A television adaptation was broadcast by the BBC and in September 1959 a stage version, with Richard Harris in the lead role, was produced at the Fortune Theatre, London. The play received a hostile reception from the press when it transferred to the Gaiety Theatre, Dublin. The Evening Herald dismissed it as "sordid and repulsive", the Evening Mail deemed it to be "tasteless, trivial and empty" and the Irish Independent condemned it as "an insult to religion and an outrage to normal feelings of decency". Following an approach to the Gaiety management by a representative of the Archbishop of Dublin, John Charles McQuaid, the play was taken off after three nights.

The Ginger Man prompted critics to compare Donleavy favourably to Joyce and Flann O’Brien, a comparison that failed the test of time. In his subsequent work he retained the trademark staccato style, the penchant for expletives and alliterations as well as the preoccupation with sex. His novels were described as Oedipal fairy tales. He was accused of misanthropy, misogyny and anti-semitism. And he was accused of repeating himself. None of which cut much ice with him. A bad review, he insisted, is always written by a bad writer.
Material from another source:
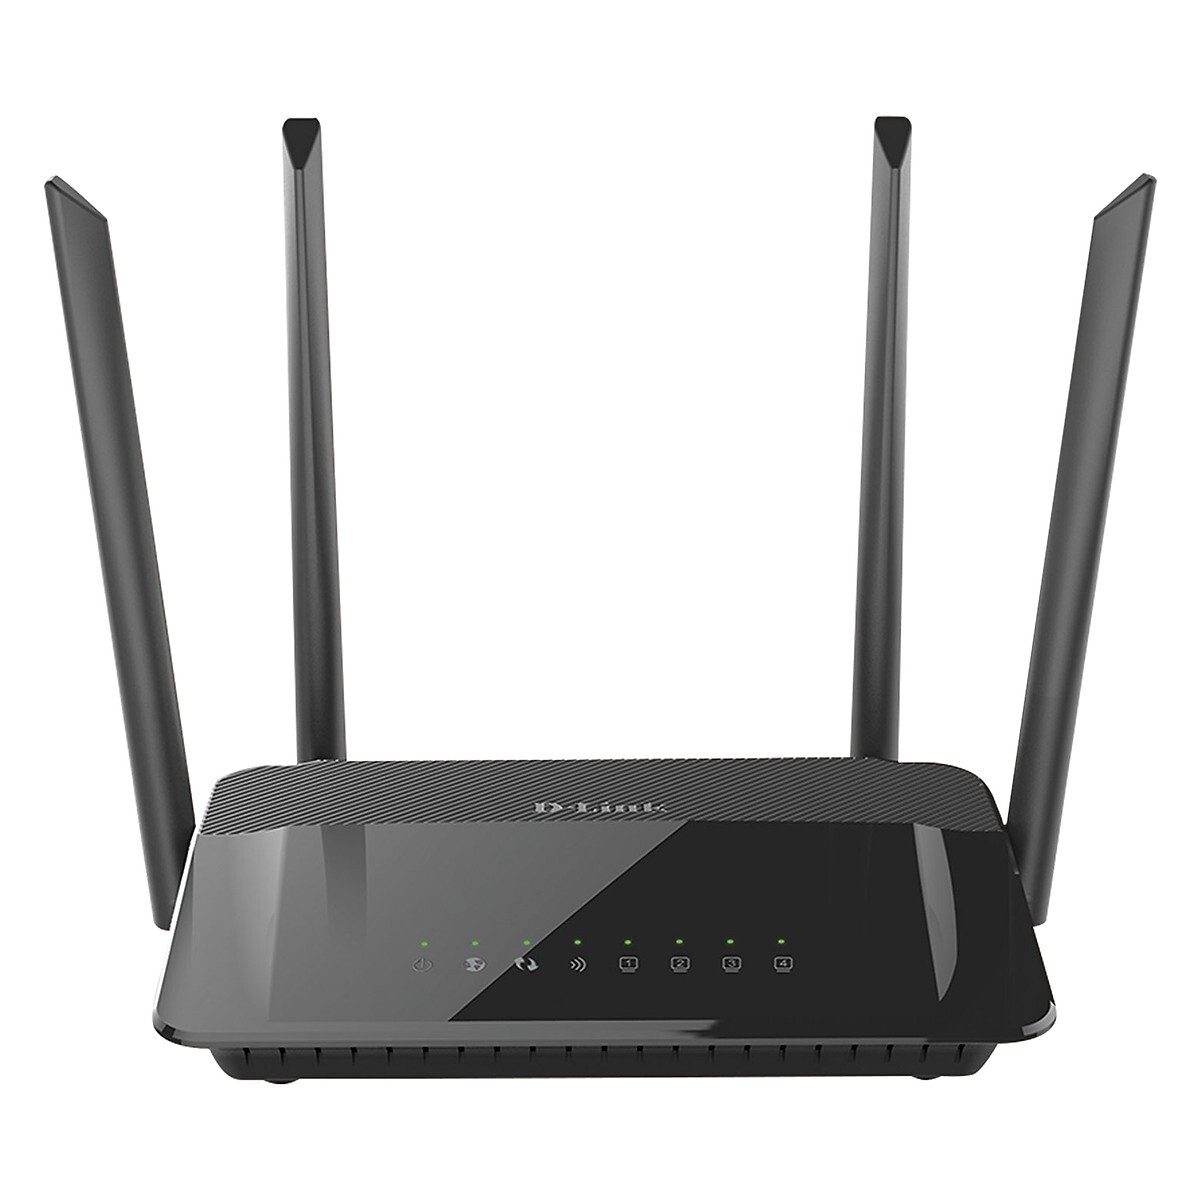 Router - Bộ phát wifi D-link DIR-825+

He wrote two tedious ‘entertainments’, The Unexpurgated Code: A Complete Manual of Survival and Manners (1975) and De Alfonce Tennis: The Superlative Game of Eccentric Champions, Its History, Accoutrements, Rules, Conduct, and Regimen (1984). In a different vein, A Singular Country (1989) presents a blinkered view of Ireland in a text peppered with “bedads” and “begorrahs”.

JP Donleavy, the expatriate American author, at Levington Park, his home in Mullingar, Ireland, June 2, 2006. Photograph: Derek Speirs/The New York Times
JP Donleavy, the expatriate American author, at Levington Park, his home in Mullingar, Ireland, June 2, 2006. Photograph: Derek Speirs/The New York Times

In 1967 Donleavy became an Irish citizen. In the early 1970s he purchased Levington Park, a 180-acre estate on the shores of Lough Owel near Mullingar. There, in the 20-room house he lived the life of an Irish gentleman, dressed in tweeds and speaking in the measured drawl of the vanishing gentry. Mick and Bianca Jagger were guests and Billy Connolly sent Christmas cards. He rode with the Westmeath Hunt and further amused himself by setting the dogs on visitors.

His writing won many awards in the US. His paintings were intermittently exhibited in the US and Europe, most recently in Dublin in February 2006. He regularly contributed to publications including The Times, The New York Times and Penthouse. The stage version of The Ginger Man was revived in Dublin in 1999.

Donleavy had no sentimental attachment to his adopted country; rather he was drawn to Ireland by the tax-free scheme for artists. In 2005 he disposed of his extensive literary archive, including the original manuscript of The Ginger Man. His expressed preference was for the papers to remain in Ireland, but he wanted “appropriate remuneration”. An American university acquired the archive for a seven-figure sum that no Irish library could match.

He married, firstly, Valerie Heron and, secondly, Mary Wilson Price; both marriages were dissolved. His children Philip, Karen, Rebecca Wallis and Rory survive him.

JP Donleavy: born April 23rd, 1926; died September 11th, 2017.